Reconocer las señales tempranas de advertencia de la enfermedad renal crónica es crucial para una intervención oportuna, pero estas señales a menudo son sutiles y fácilmente pasan desapercibidas o se confunden con cambios normales del envejecimiento. Los cambios tempranos más comunes y característicos ocurren en los hábitos de beber y orinar. Cuando los riñones no pueden concentrar eficazmente la orina, las mascotas producen grandes volúmenes de orina diluida, lo que provoca una mayor pérdida de agua. Para compensar esta pérdida, aumentan significativamente la ingesta de agua. Si nota que su mascota bebe más agua que antes, busca con frecuencia fuentes de agua adicionales, como grifos o inodoros que gotean, o los tazones de agua necesitan rellenarse con más frecuencia de lo habitual, estas son señales que vale la pena tener en cuenta.

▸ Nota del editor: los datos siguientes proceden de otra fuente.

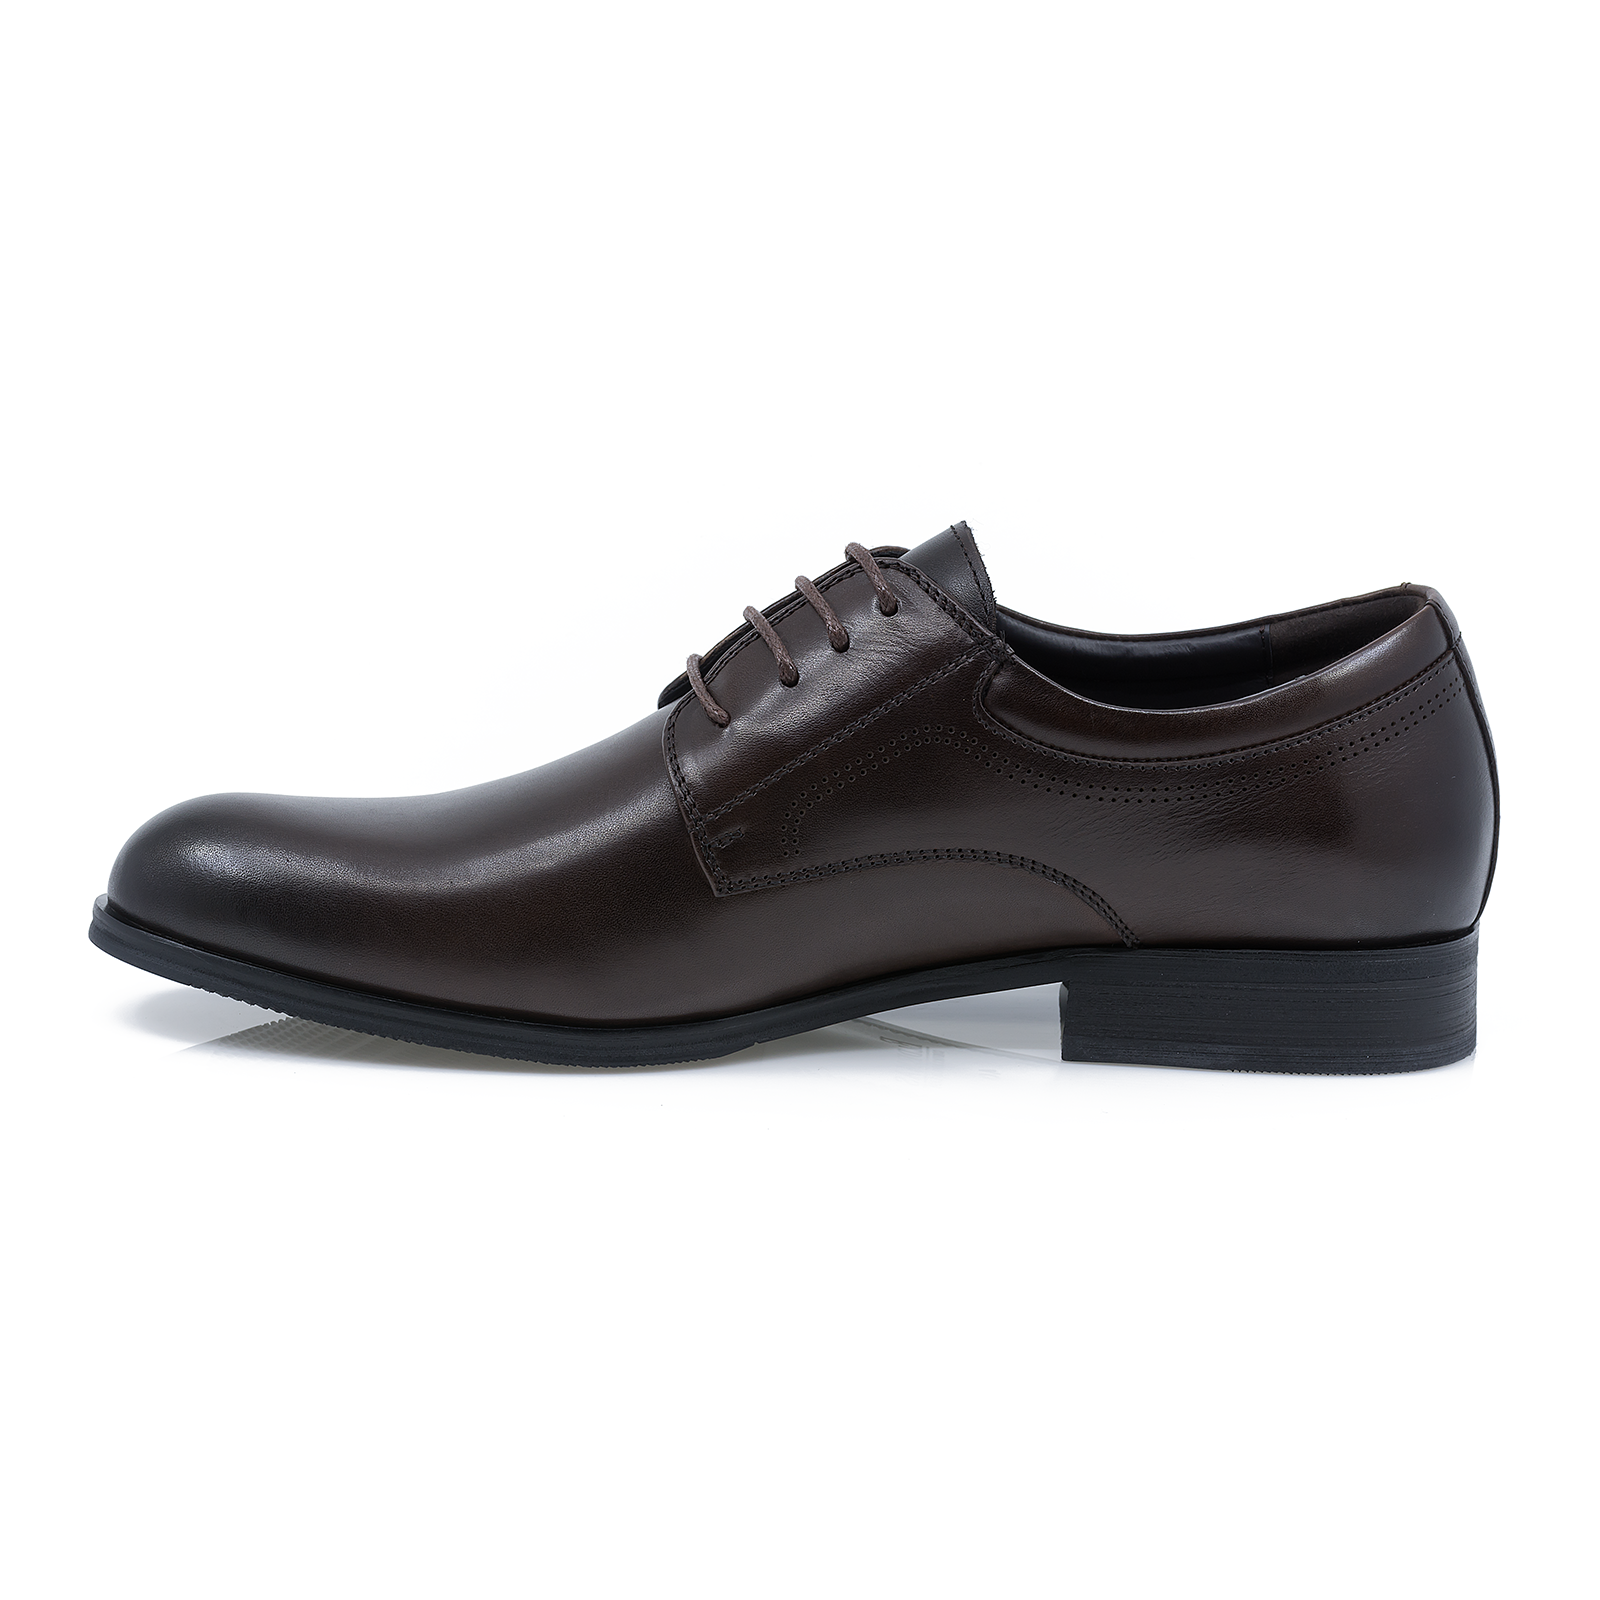 Pantofi-barbati-ELDEMAS-F4155-362-eleganti-piele-naturala-maro-nouamoda.ro-2
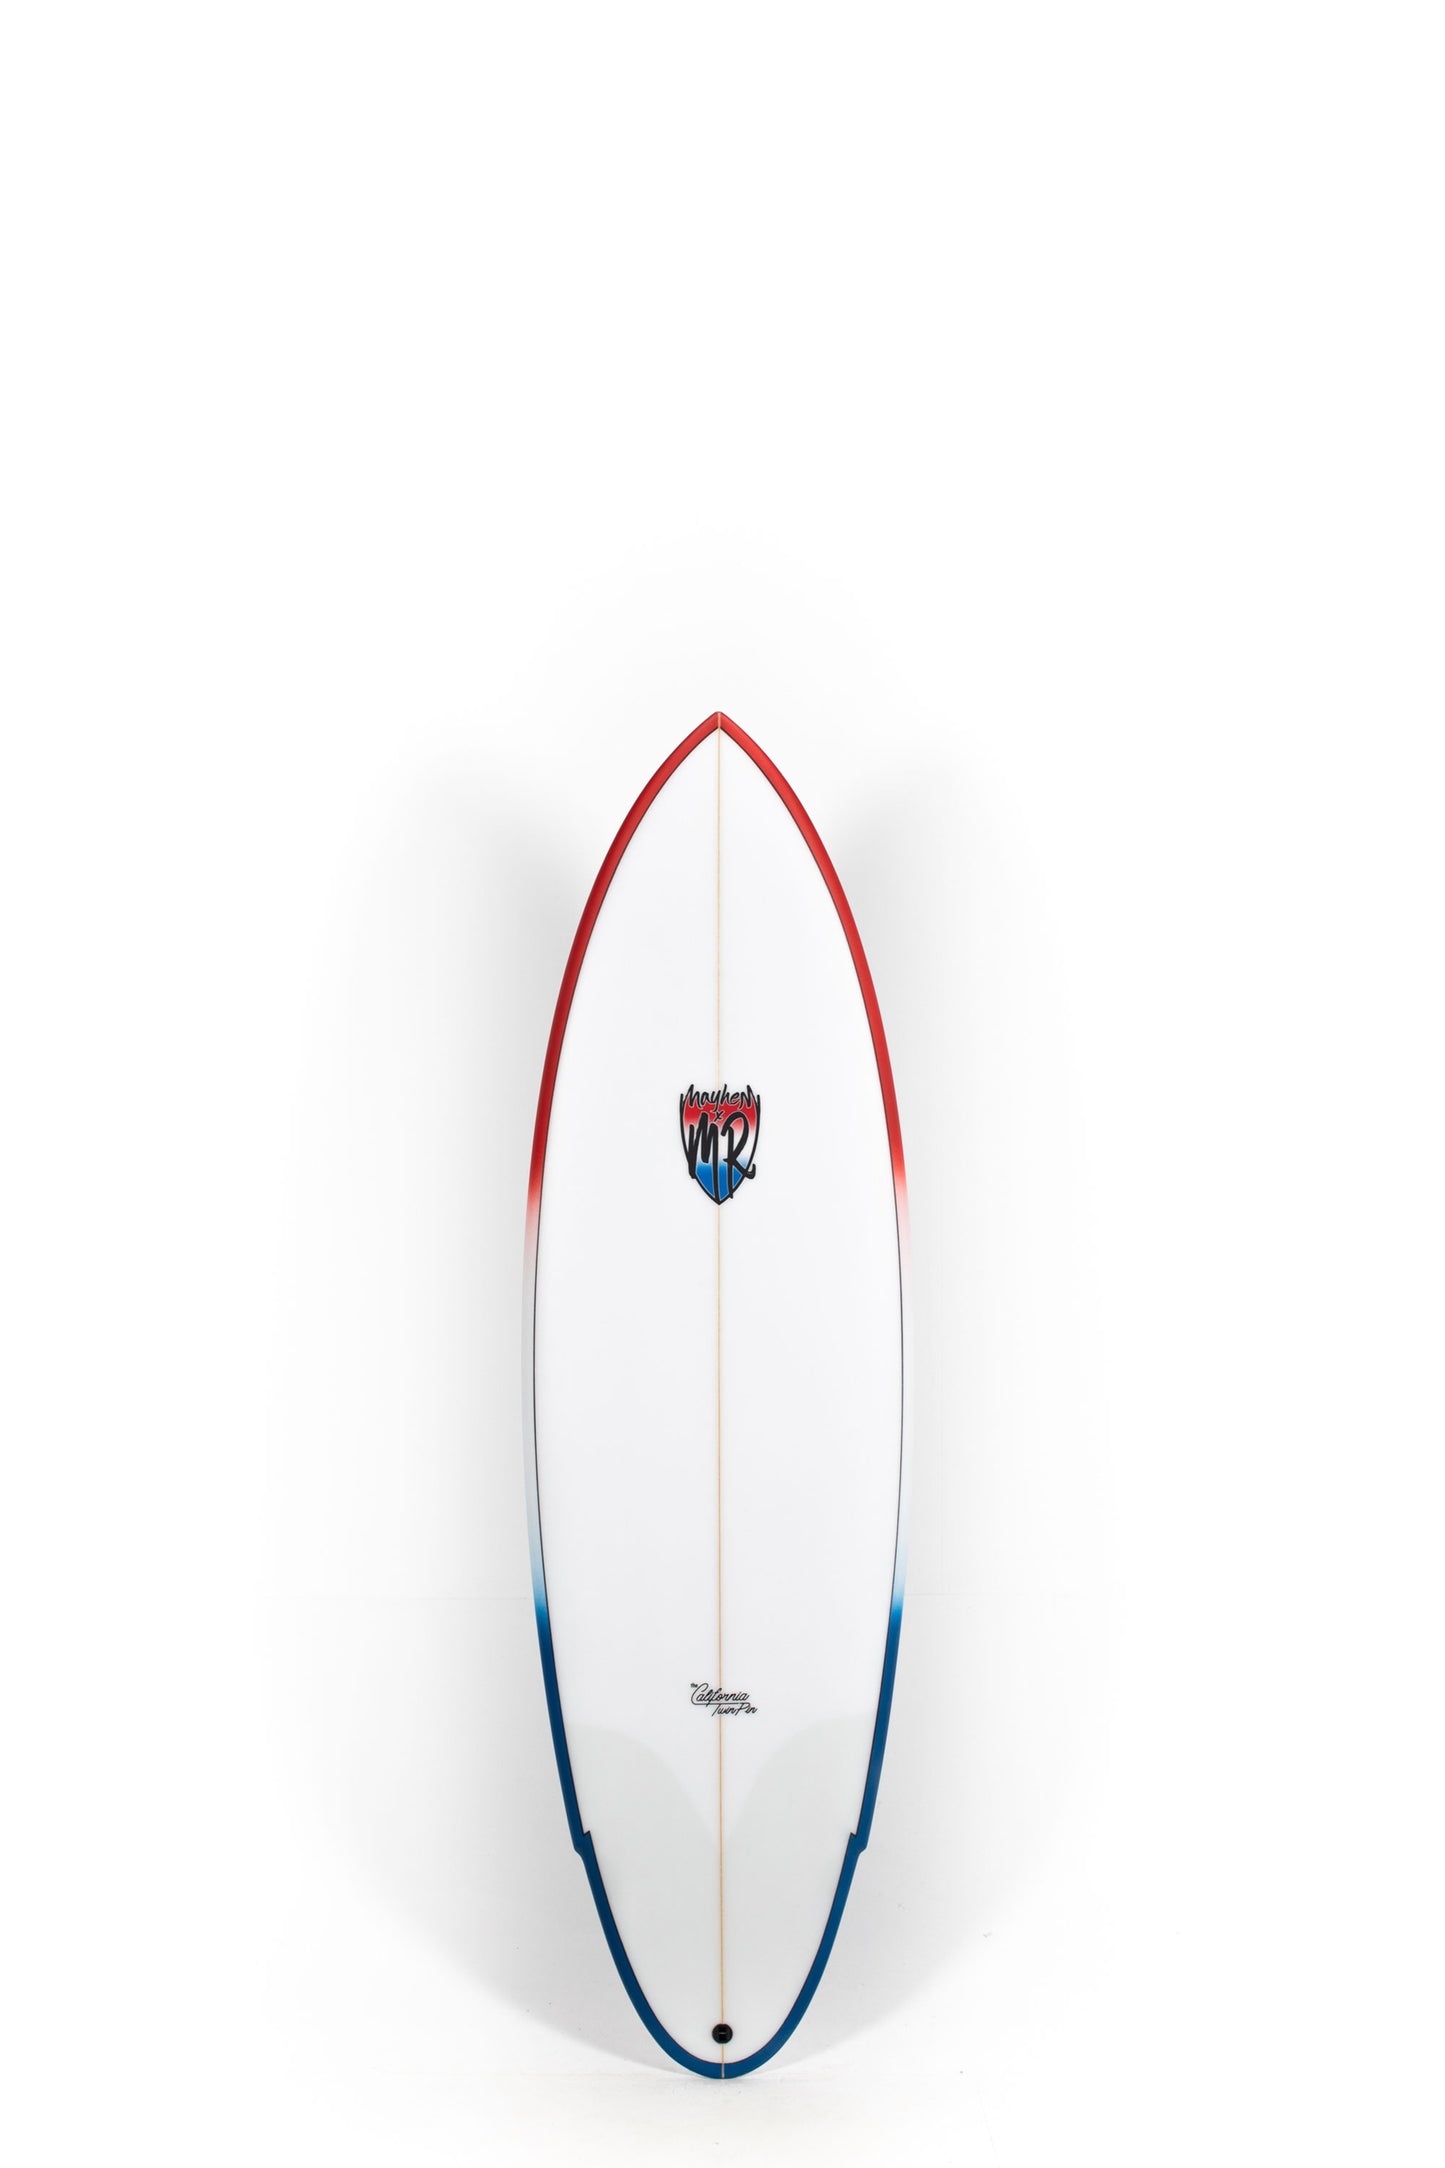 Pukas Surf Shop Lost Surfboards - CALIFORNIA TWIN PIN by Matt Biolos - 6'0" x 21 x 2,63 x 36L - MM00604
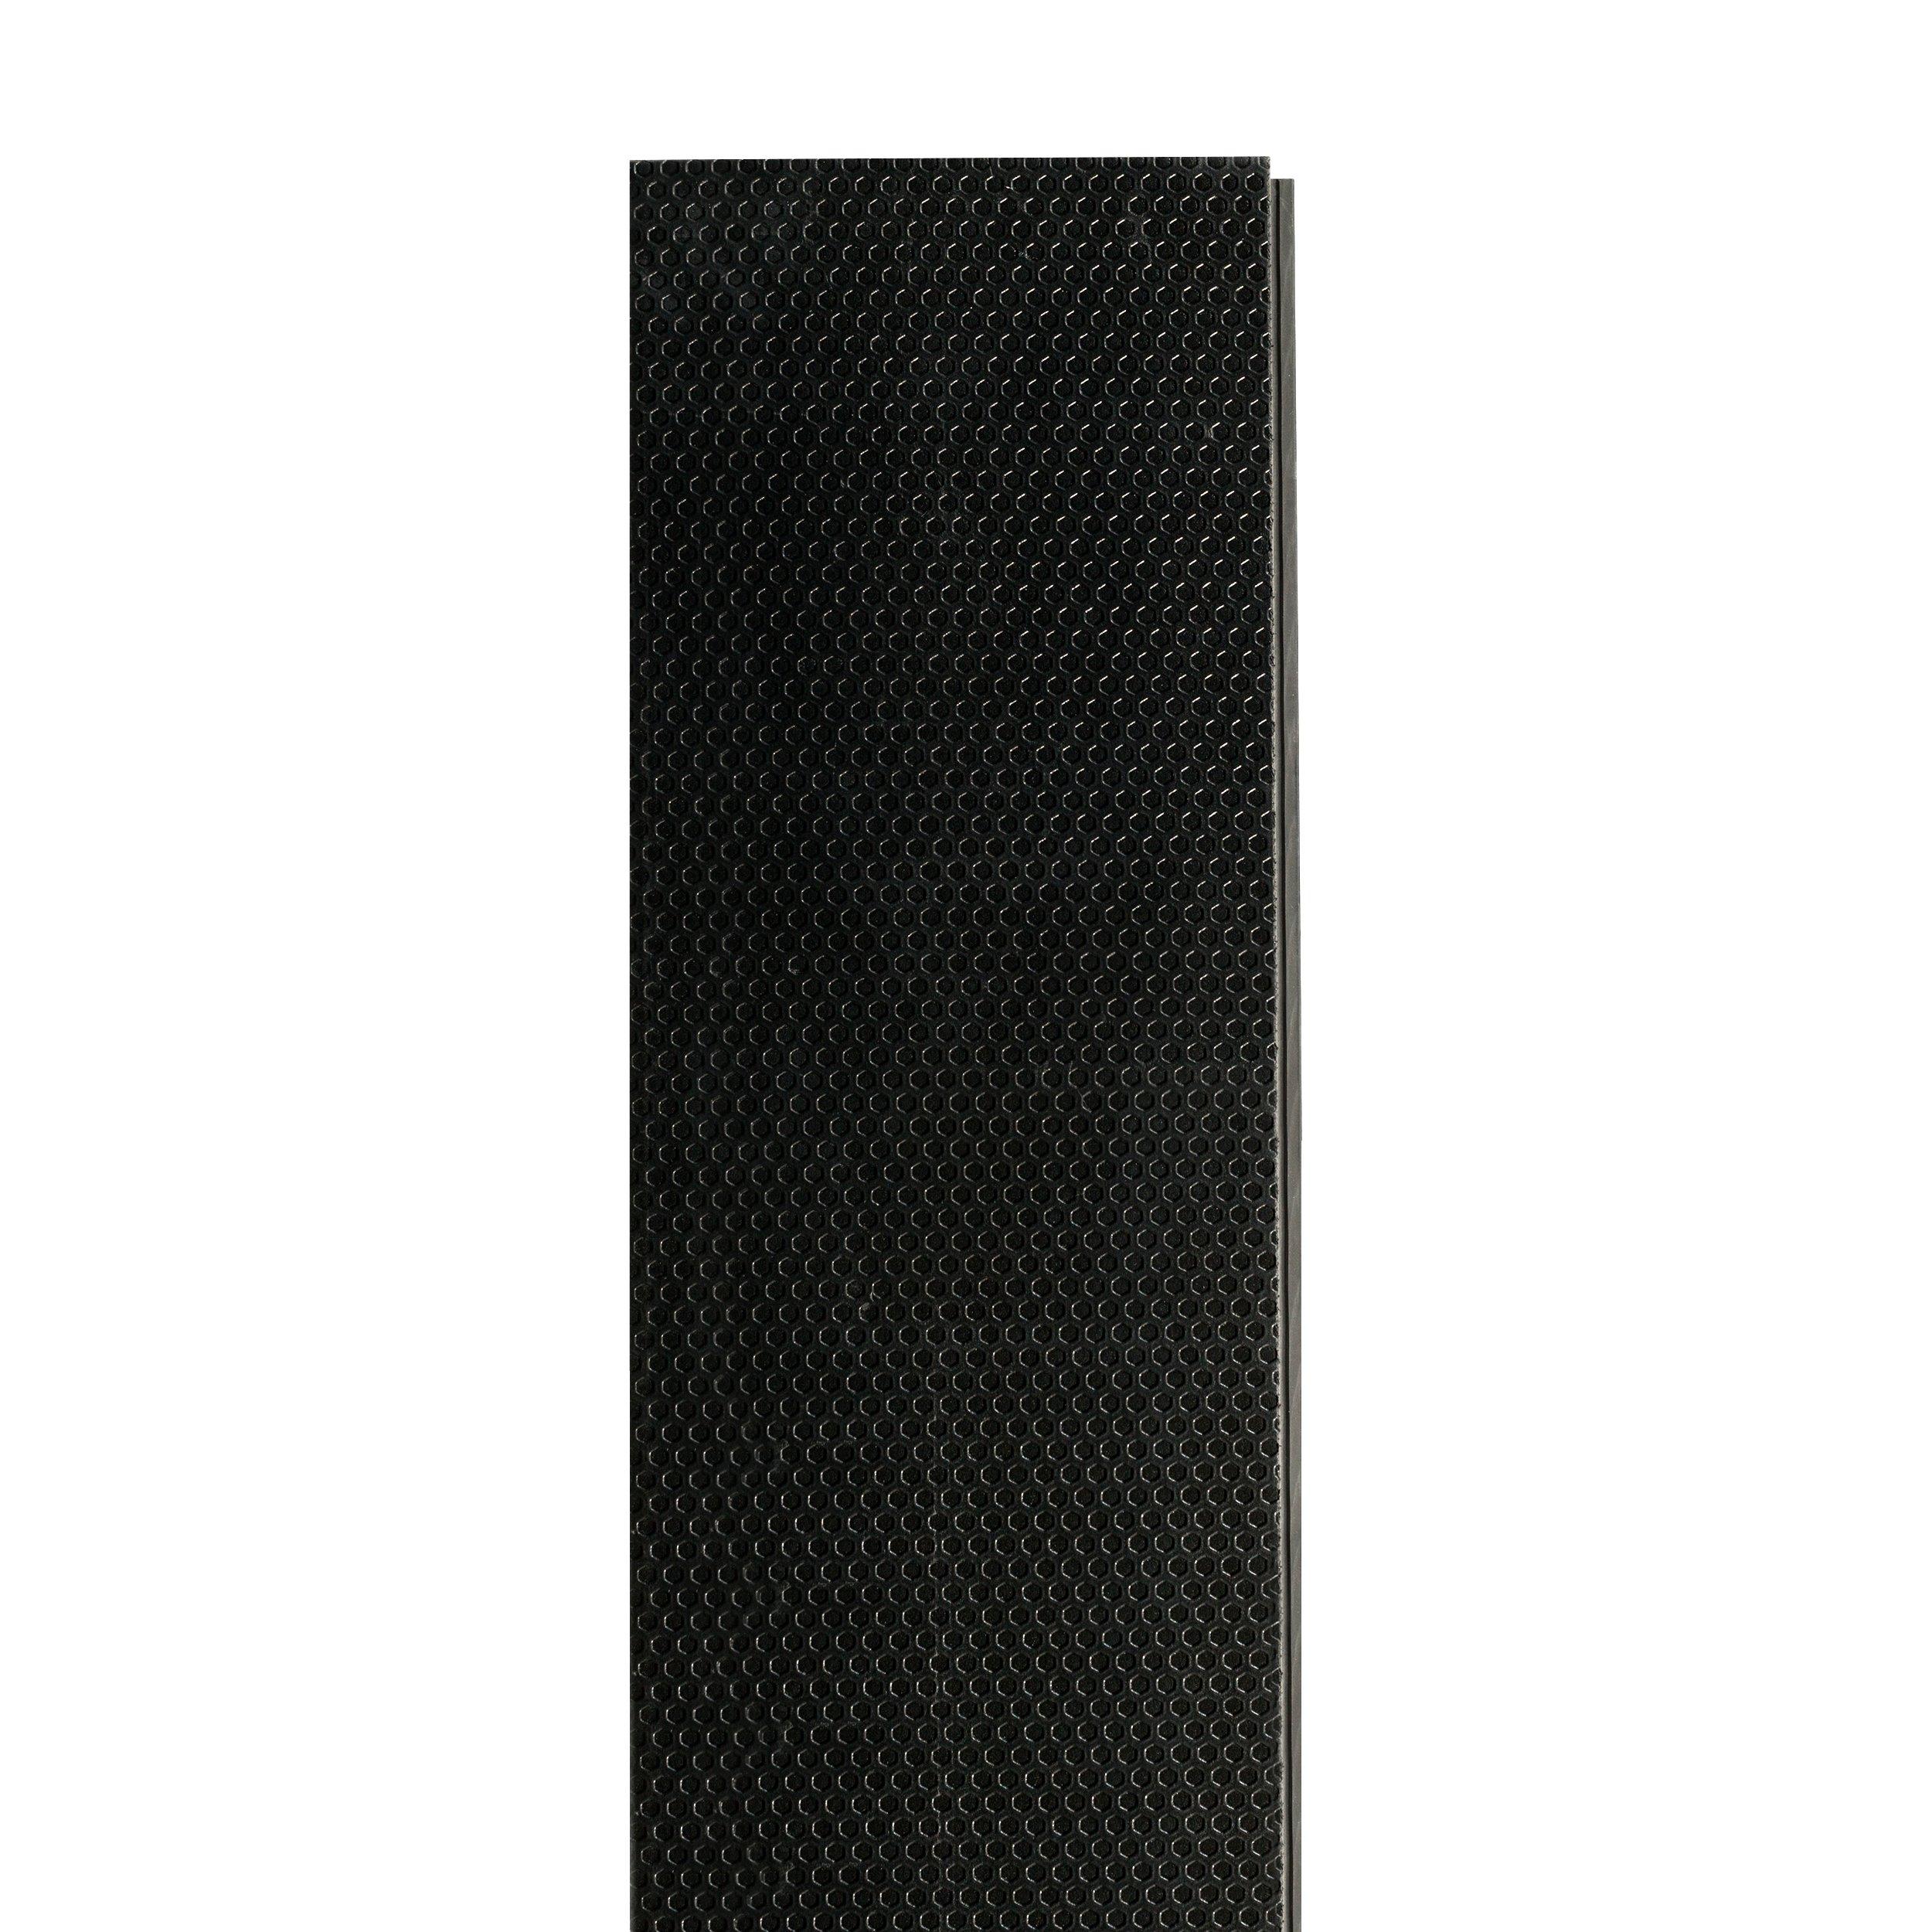 Oakhaven Maple Multi Length Rigid Core Luxury Vinyl Plank - Foam Back

Los cambios en la micción corresponden a cambios en la bebida. El volumen de orina aumenta notablemente, lo que posiblemente requiera viajes al aire libre más frecuentes para los perros o una limpieza más frecuente de la caja de arena para los gatos. El color de la orina se vuelve más claro, acercándose al color del agua clara, lo que refleja la disminución de la capacidad de concentración del riñón. Algunas mascotas pueden sufrir accidentes de eliminación en interiores debido al aumento del volumen de orina, especialmente durante la noche o cuando los dueños no están. La aparición de estos cambios debería incitarlo a programar un examen veterinario, incluso si su mascota parece normal.
Otros síntomas a los que hay que prestar atención incluyen disminución del apetito y pérdida de peso, que pueden estar relacionados con las náuseas causadas por la acumulación de toxinas en el cuerpo. Los vómitos, especialmente los frecuentes o persistentes, son una manifestación común de la progresión de la enfermedad renal. El mal aliento, especialmente con el característico olor a amoníaco de la uremia, merece gran preocupación. La disminución de la calidad del pelaje, volviéndose seco y opaco, refleja un deterioro del estado nutricional general. La debilidad y la actividad reducida pueden estar relacionadas con la anemia y los trastornos metabólicos generales. Cuando uno o más de estos síntomas aparecen simultáneamente, se debe buscar una evaluación veterinaria inmediata, ya que el diagnóstico temprano puede asegurar un tiempo valioso para el tratamiento.